CFDs are complex instruments and come with a high risk of losing money rapidly due to leverage. Please ensure you fully understand the risks involved. CFDs are complex instruments and come with a high risk of losing money rapidly due to leverage. Please ensure you fully understand the risks involved.

Trader thoughts - The long and short of it

With the French elections bearing down on markets, the bulls seem to be wrestling back some control here and despite the prospect of real volatility on Monday, there is hope that all will be well.

Market Data
Source: Bloomberg

Having pared back expectations around the issue to a minimum, some have even bought into the idea that perhaps US tax reform could be on the cards. US Treasury Secretary Steven Mnuchin spoke as part of an IMF panel, discussing the Trump Administrations policies, and detailed that ‘we are close to bringing major tax reform’. He even gave a positive bias on the House’s border tax adjustment, but was concerned about the impact this would have on the USD

The cynics, of which there are many (rightly so), just cannot see how tax reform works without healthcare reform. However, that being said, Donald Trump has also been on the wires overnight speaking predominantly on geopolitical issues. However, he also gave a fairly clear message about his confidence on getting health care passed, saying ‘we have a good chance of getting it soon’ and that plans are ‘evolving’.

Trump’s optimism may not necessarily be shared by markets, although that could change somewhat next week, so keep an eye on price action as you don’t want to get left behind if the bulls start expressing a stronger view about the prospect of Trump-inspired inflation again. We can even see different news outlets saying that a draft has been put in place, with CNBC even claiming that the new bill would secure 25 to 30 ‘yes’ votes from the now notorious Freedom Caucus. This would take the potential aggregate tally ‘very close’ to the required 216 votes to pass.

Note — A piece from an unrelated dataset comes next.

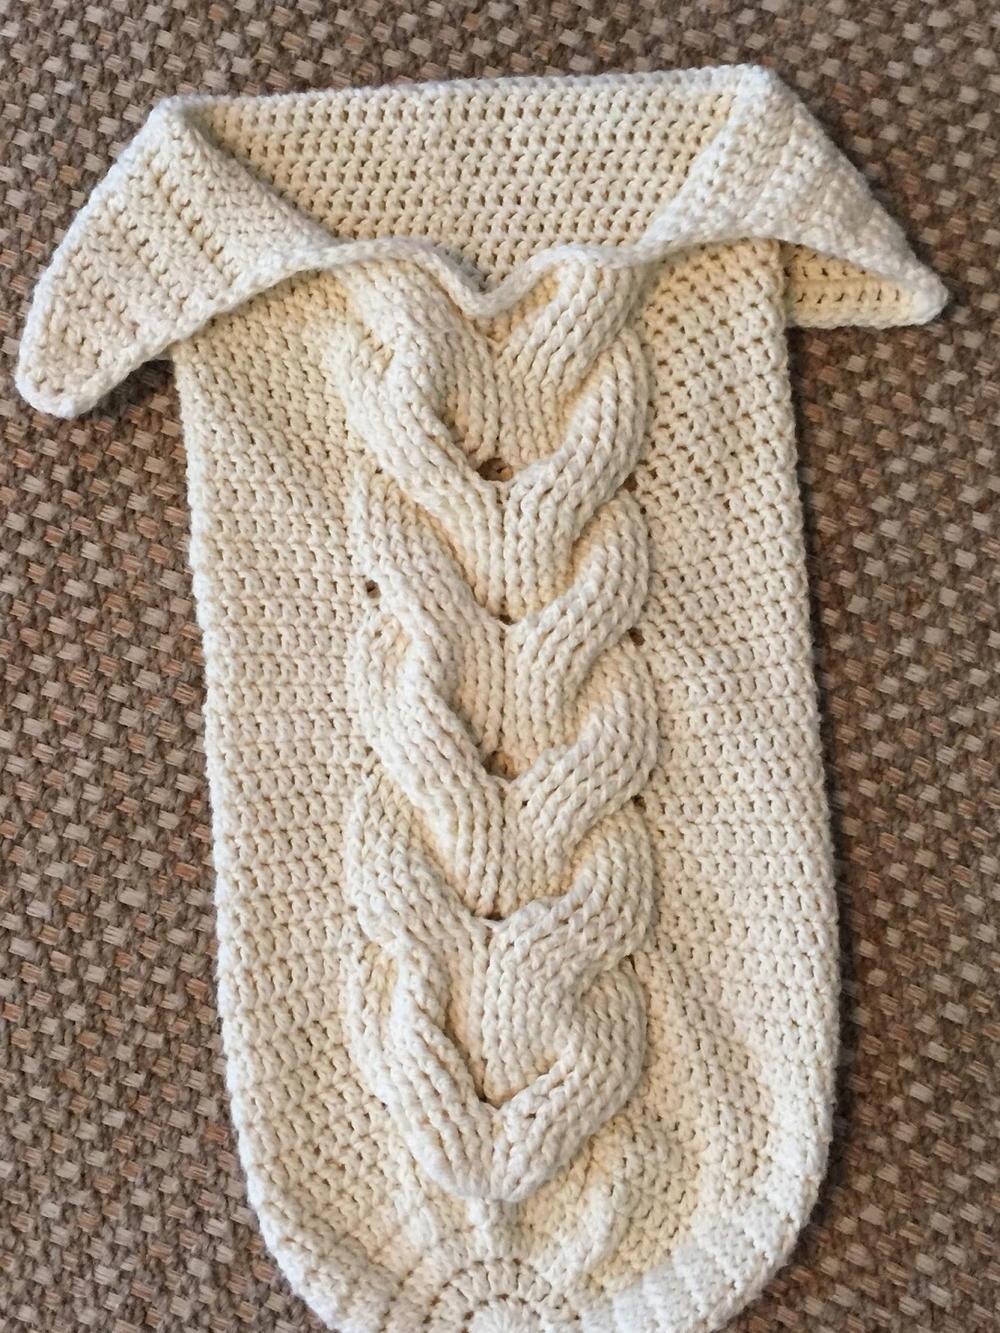 Cuddly Crochet Cable Baby Cocoon AllFreeCrochet.com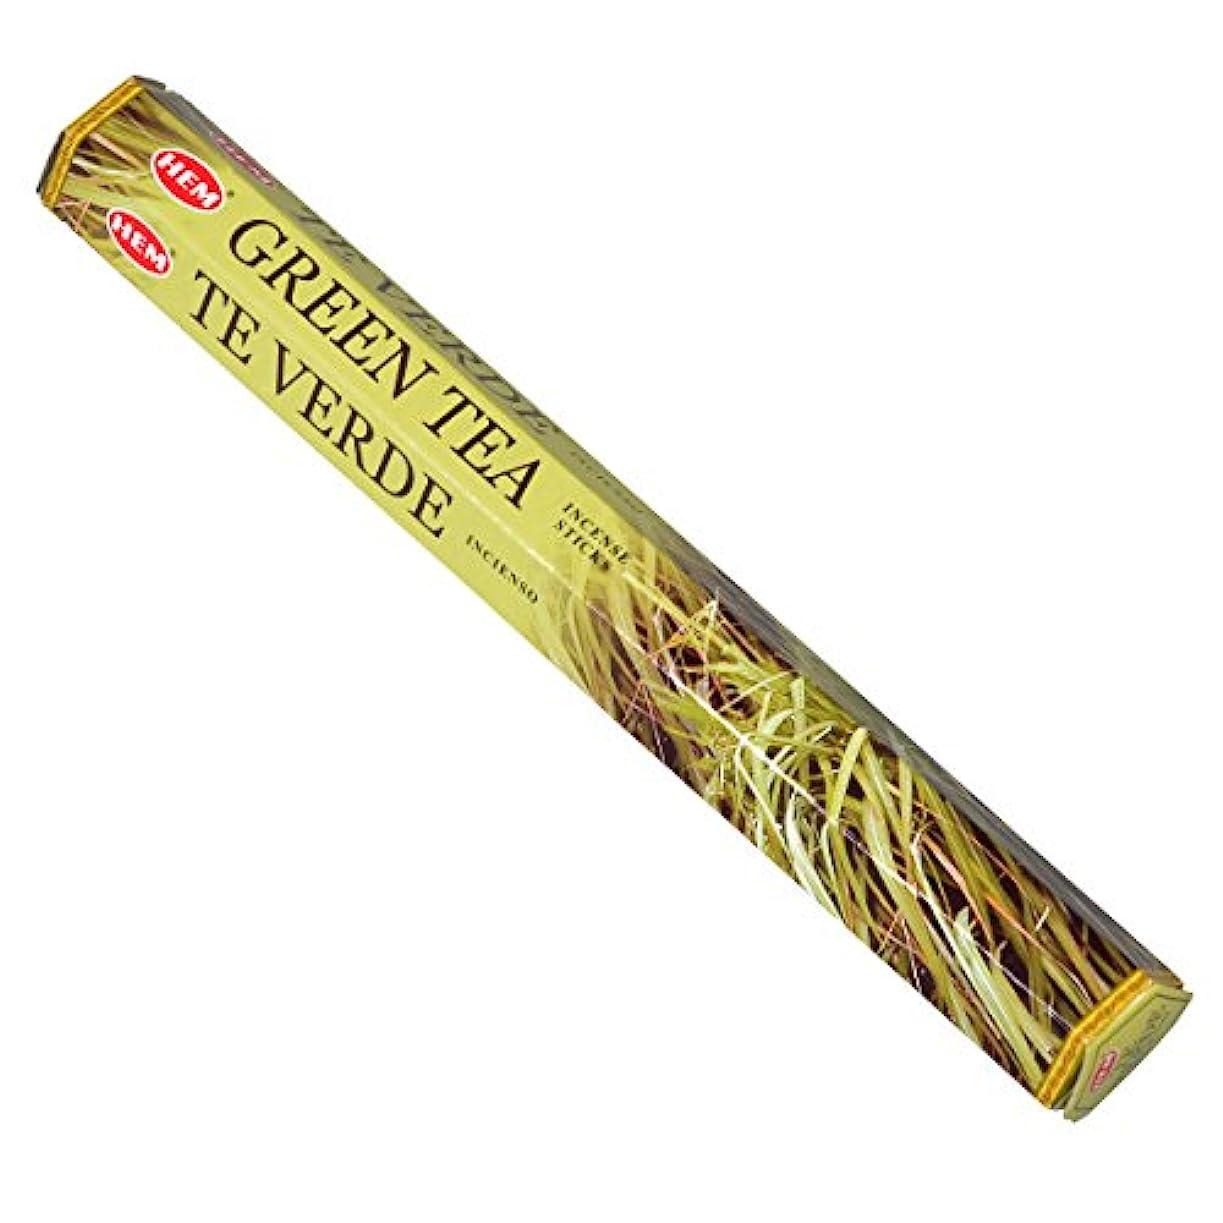 HEM(ヘム) グリーン ティー GREEN TEA スティックタイプ お香 1筒 単品 [並行輸入品]

In terms of market moves, US equities have found good buying activity, with the S&P 500 closing up 0.8% (on above average volume). On the reflation trade angle, we have seen the S&P financial sector up 1.6%. However, we have only seen a slight sell-off in US Treasuries (across the curve), with the US ten-year Treasury gaining a mere two basis points to 2.23%. Inflation expectations have risen very modestly (if we look at the ‘breakeven’ markets), with the yield curve gaining just one bp. We have seen some modest inflows into the USD, with USD/JPY now at ¥109.30 (high of ¥109.49) and EUR/USD coming back into the 1.07 level. Gold also looks fairly well supported and if we were really excited about tax reform, then we would be seeing gold closer to and below $1275 by now – one to watch next week.

There is also no real concern either about Sunday’s (or Monday morning for us Aussie‘s) French election either, with European equities finding good buyers. The CAC 40 index rallied 1.5%, taking the CAC/S&P 500 ratio close to the highest since May 2016 – hardly a market concerned about holding French equity. We have even seen French bonds outperform that of their German peers, with the yield premium demanded to hold French two-year debt over German bunds narrowing by three basis points to 47bp. Traders have hedged core portfolio holdings using various options structures and strategies, and this is obviously the prudent step, but there is a genuine feeling that this election will be resolved in a positive manner – we shall watch with great interest.

Another interesting take-out has been the strong upside moves in bulk commodities, with spot iron ore gaining 1.2%. The futures markets have gone one better, with iron ore, steel and coking coal futures (traded on the Dalian exchange) gaining 4.2%, 2.7% and 4.9% respectively. Its no surprise then, that we have seen AUD/USD struggle to find direction, trading in a range of $0.7547 to $0.7493, with the feeling on the floors that there are greater downside risks to the pair. I continue to stand aside though and will look at short positions with far greater conviction on a close through $0.7491.

The Aussie equity open should hold a more positive conviction on buying equity here, with SPI futures gaining 30 points in the overnight session. Our ASX 200 call sits at 5848, with BHP likely to open 1% higher and banks looking to attract buyers here too. If we look at Vale as a proxy for all things iron ore we can see it closed 3.6% higher, so anyone long FMG or AGO will be expecting a nice way to finish the week.

Stay long in this space for now, with iron ore futures looking increasingly more positive on a technical basis here, with the bulls defending the longer-term uptrend and we have even seen a bullish outside day reversal off this trend support. If I were short iron ore futures here, I would absolutely be covering and even reversing into long positions. 

Of course, the real concern is whether to how to deal with the weekend event risk and the prospect of gapping in all asset classes. We can see limited concerns so far, so watch price action from around 10:30am AEST, as it will tell us all we need to know about how Aussie equity investors feel about the French elections. A strong rally after the full unwind of the market will tell us they see a positive resolution, which seems fitting with the moves in French assets.